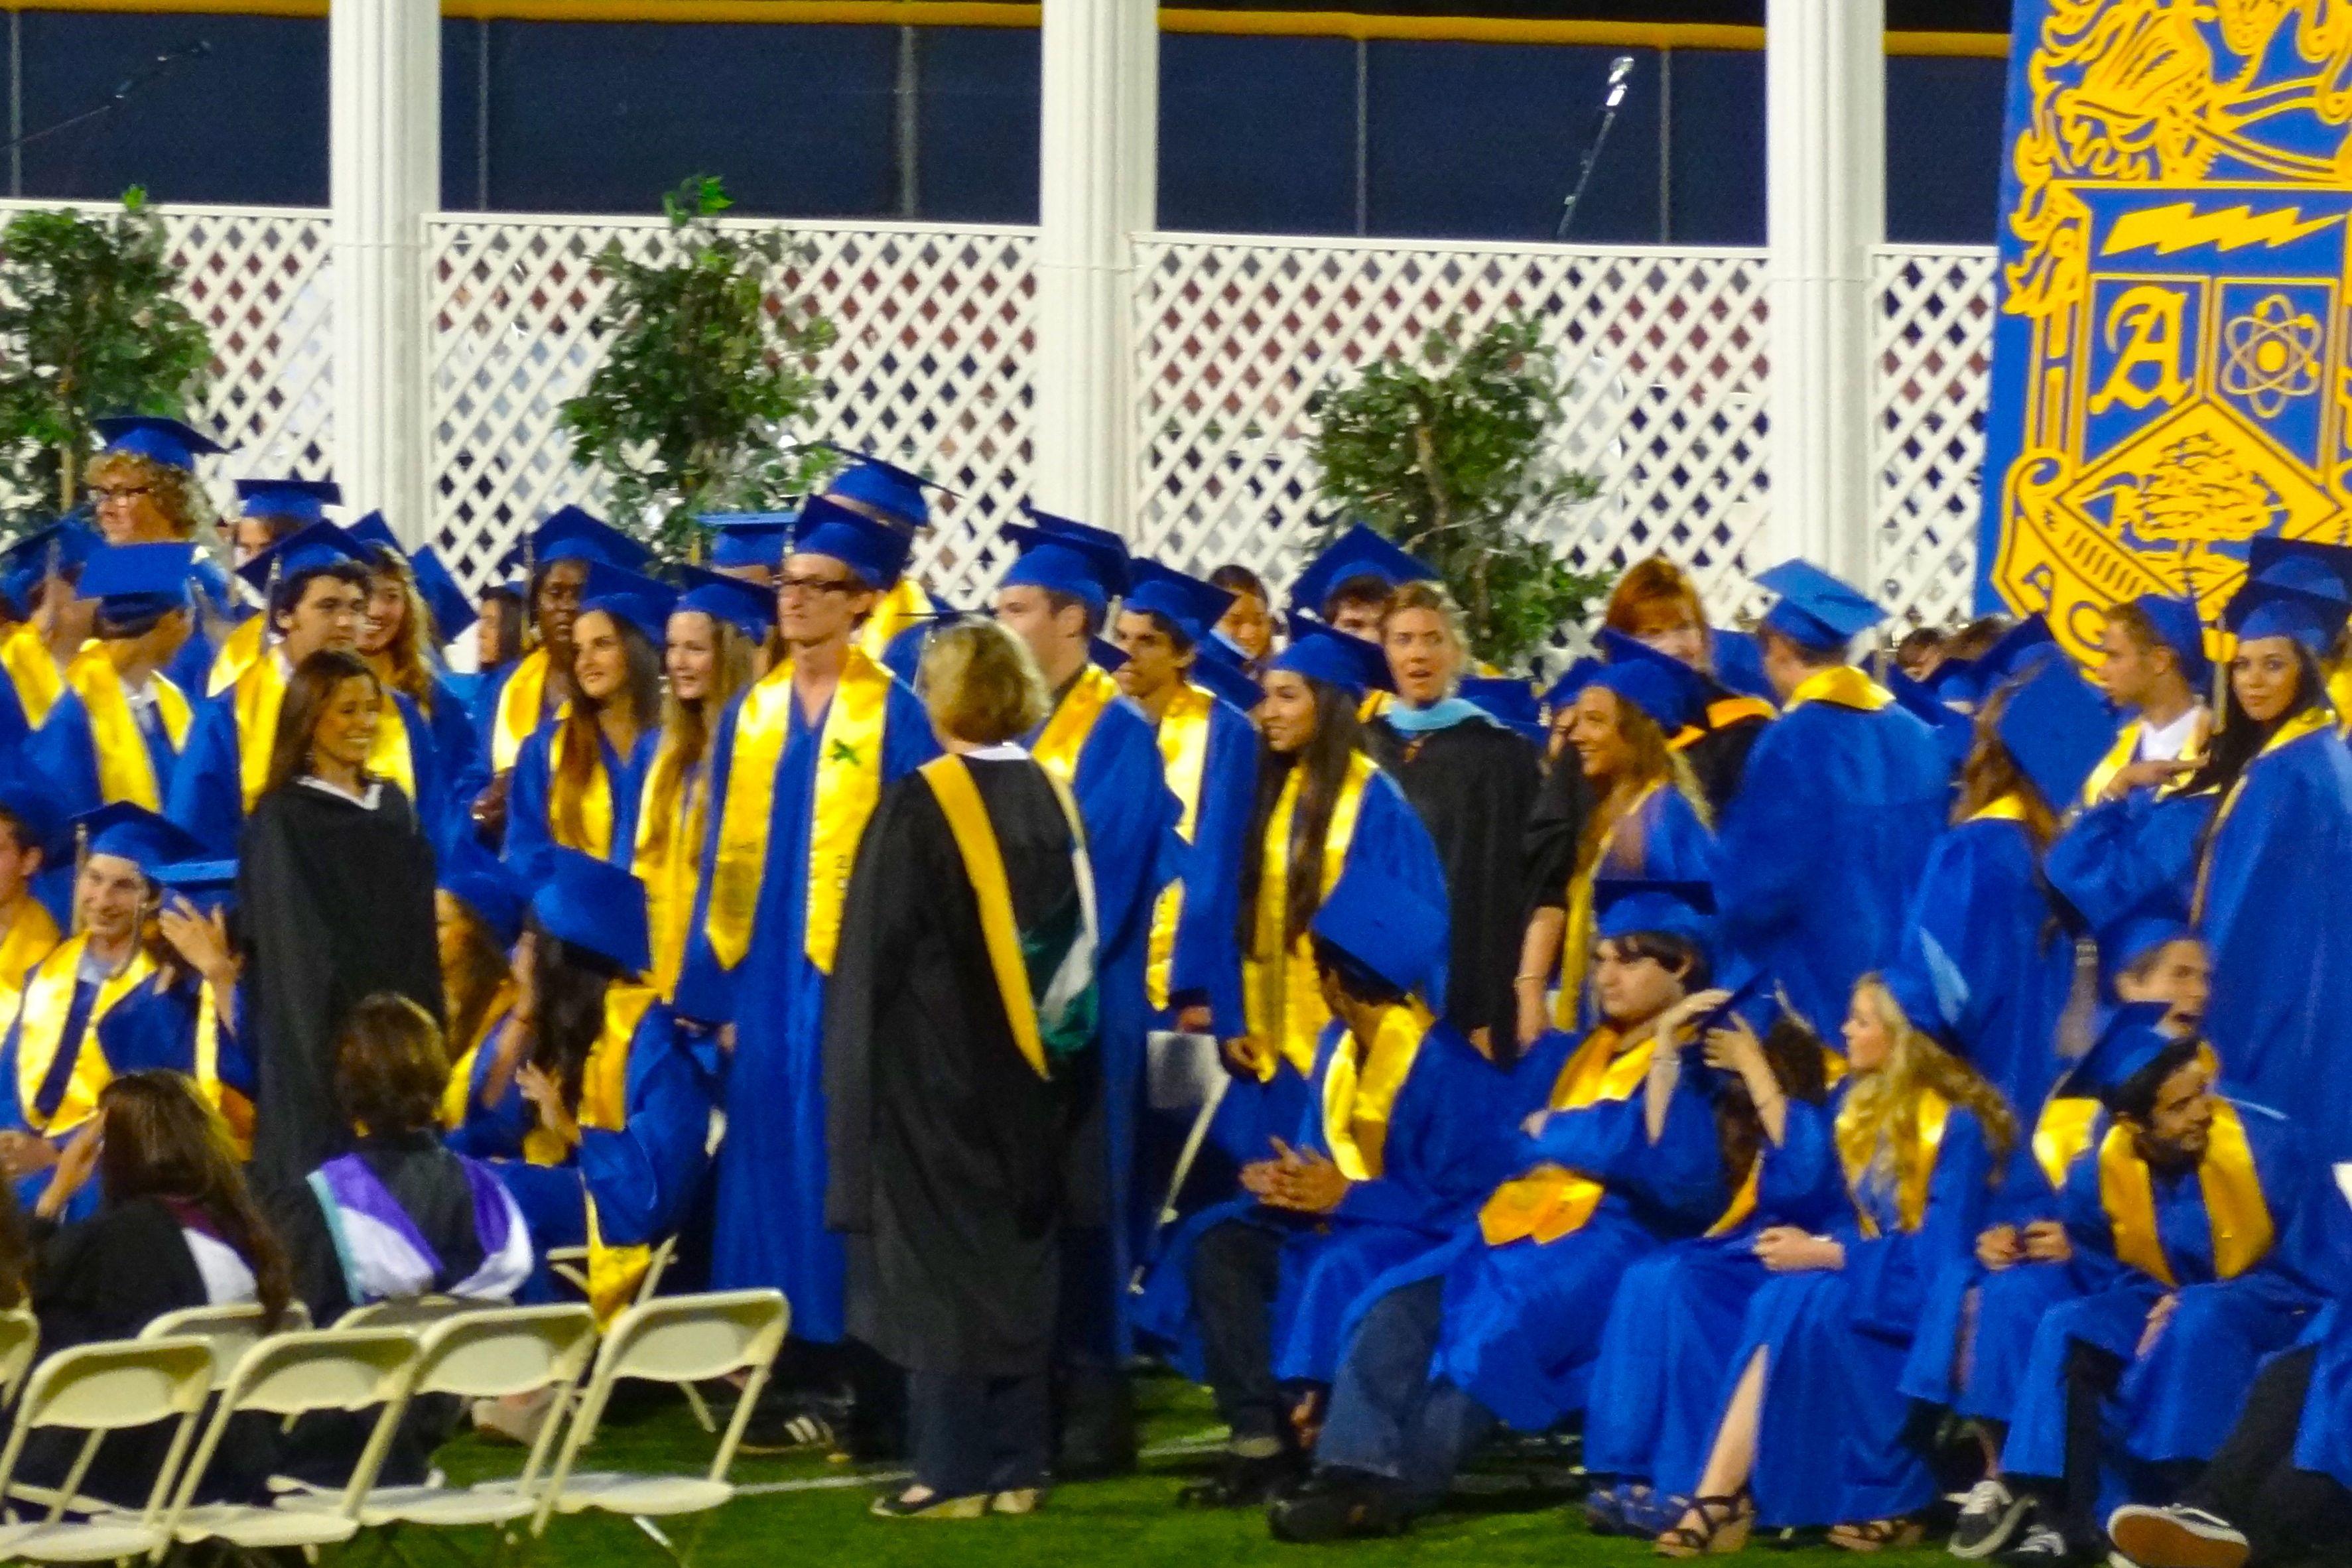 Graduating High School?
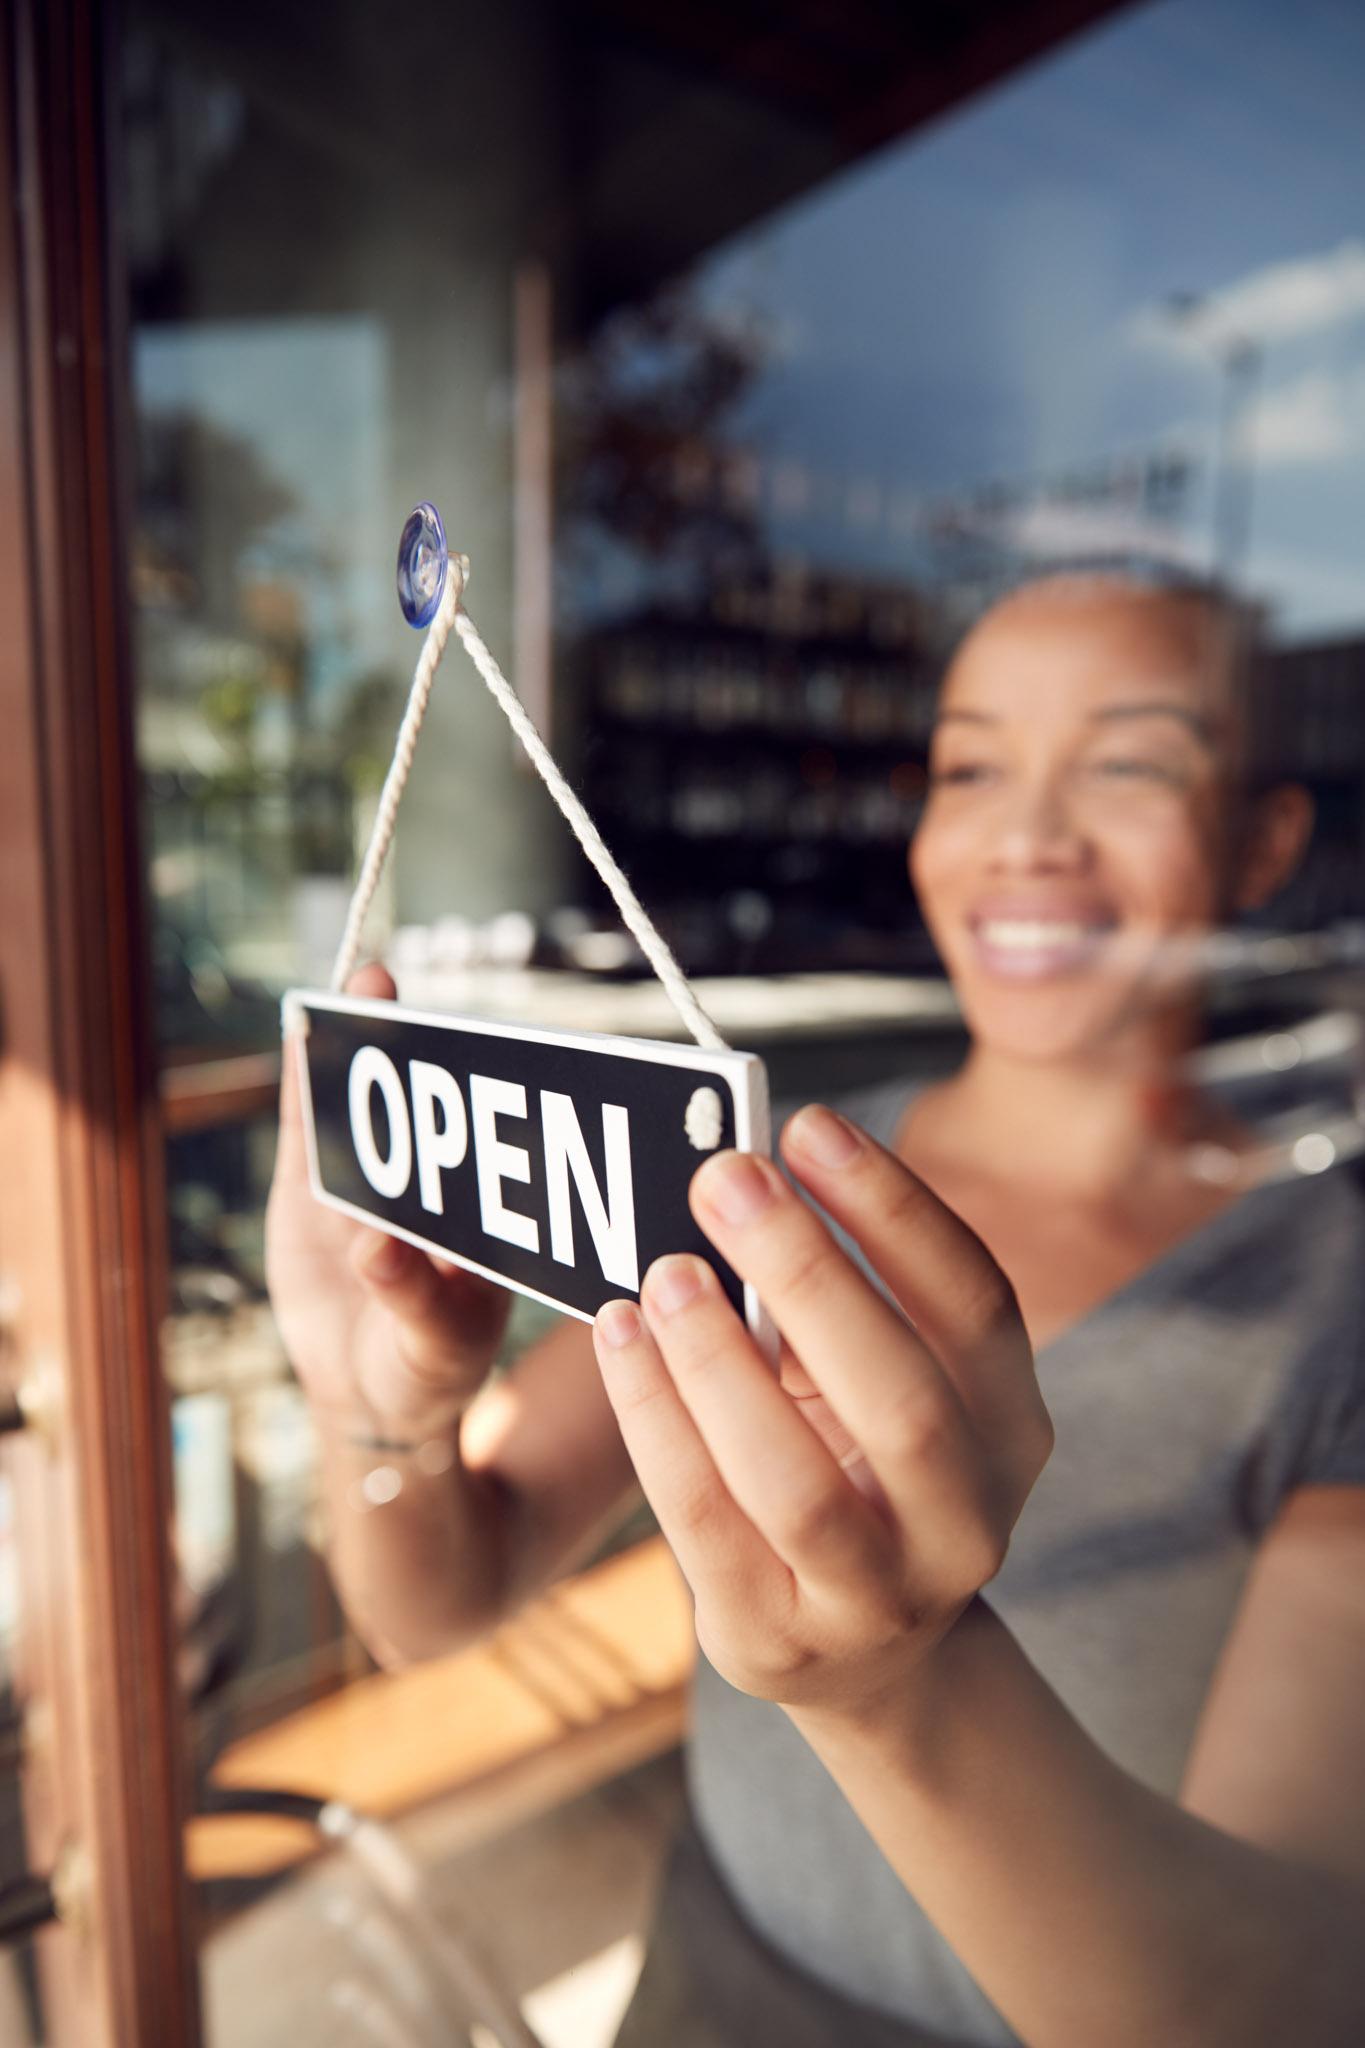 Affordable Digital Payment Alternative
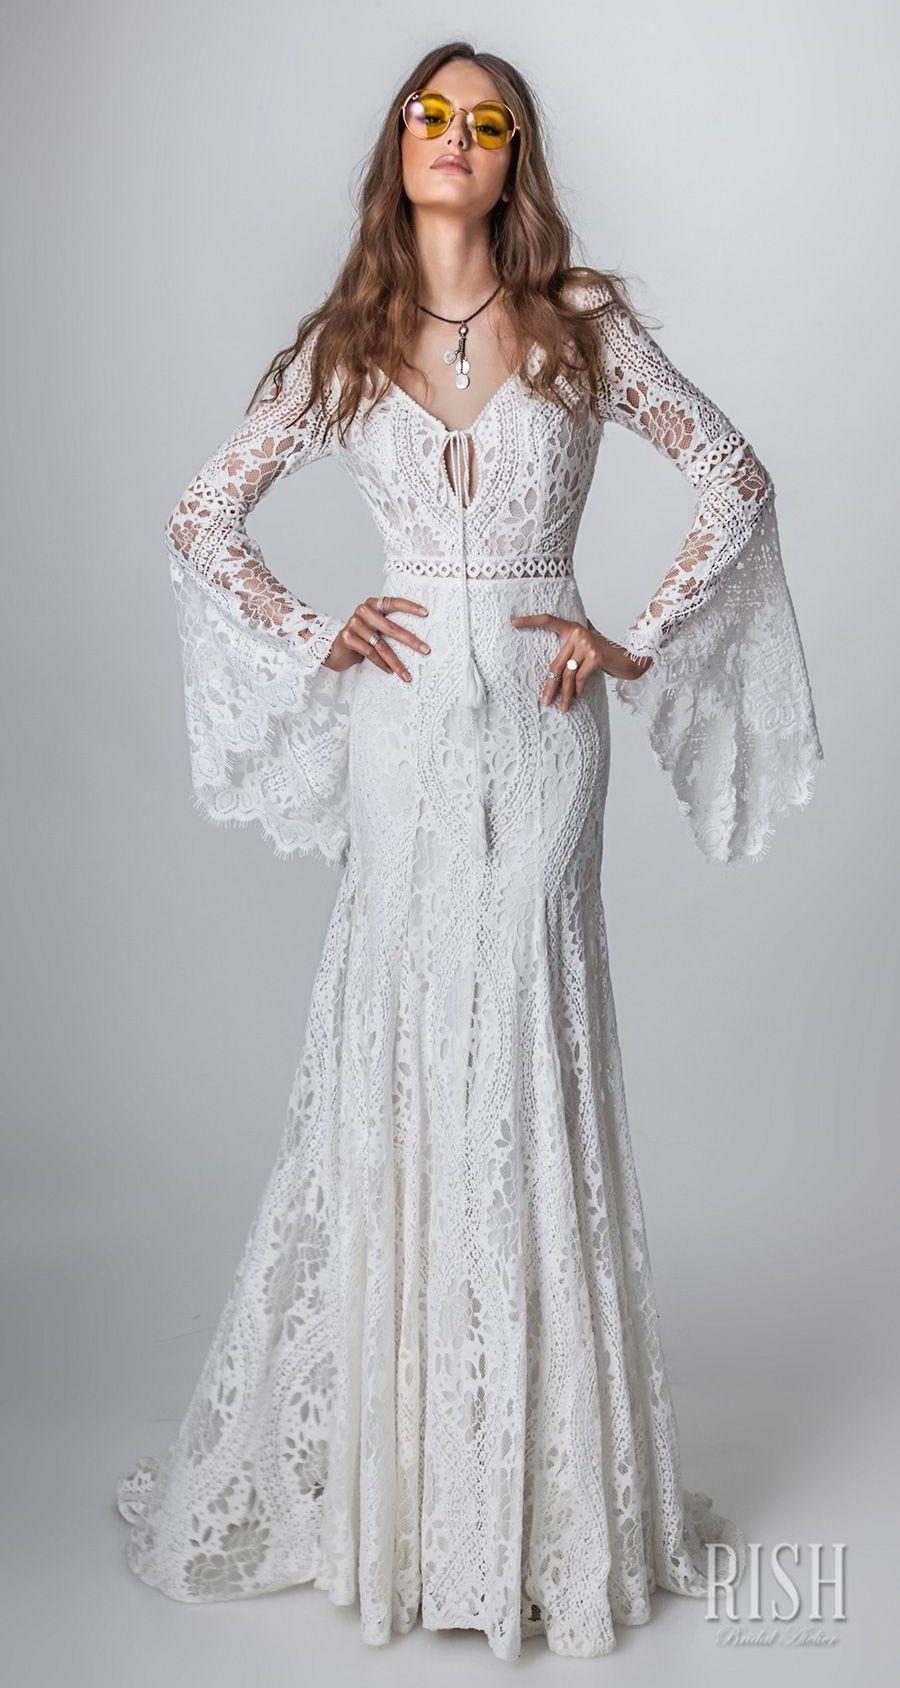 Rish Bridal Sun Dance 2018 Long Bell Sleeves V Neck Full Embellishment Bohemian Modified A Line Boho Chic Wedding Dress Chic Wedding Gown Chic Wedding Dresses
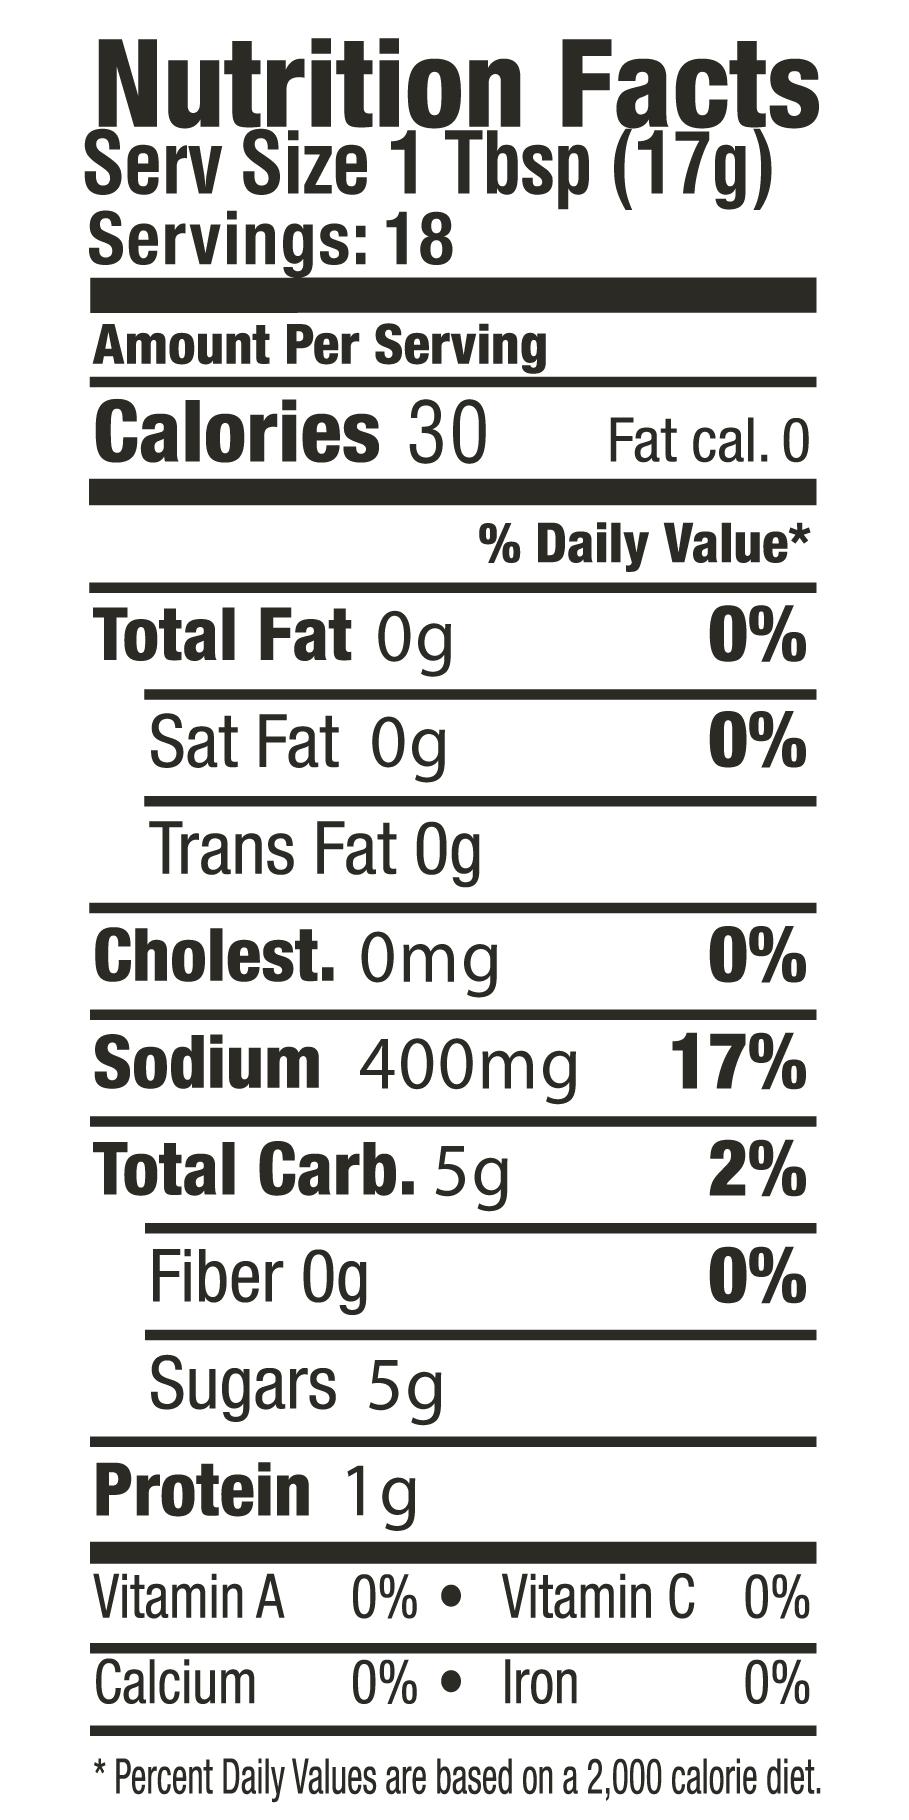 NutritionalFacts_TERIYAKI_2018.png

────────

| TRY IT |
Write out exactly the lines beginning with the line that holds "Affordable Digital Payment Alternative" and ending with the final line of the data, both ends included, without the pictures.

| EXERCISE OUTPUT |
 Affordable Digital Payment Alternative
 Rish Bridal Sun Dance 2018 Long Bell Sleeves V Neck Full Embellishment Bohemian Modified A Line Boho Chic Wedding Dress Chic Wedding Gown Chic Wedding Dresses
 NutritionalFacts_TERIYAKI_2018.png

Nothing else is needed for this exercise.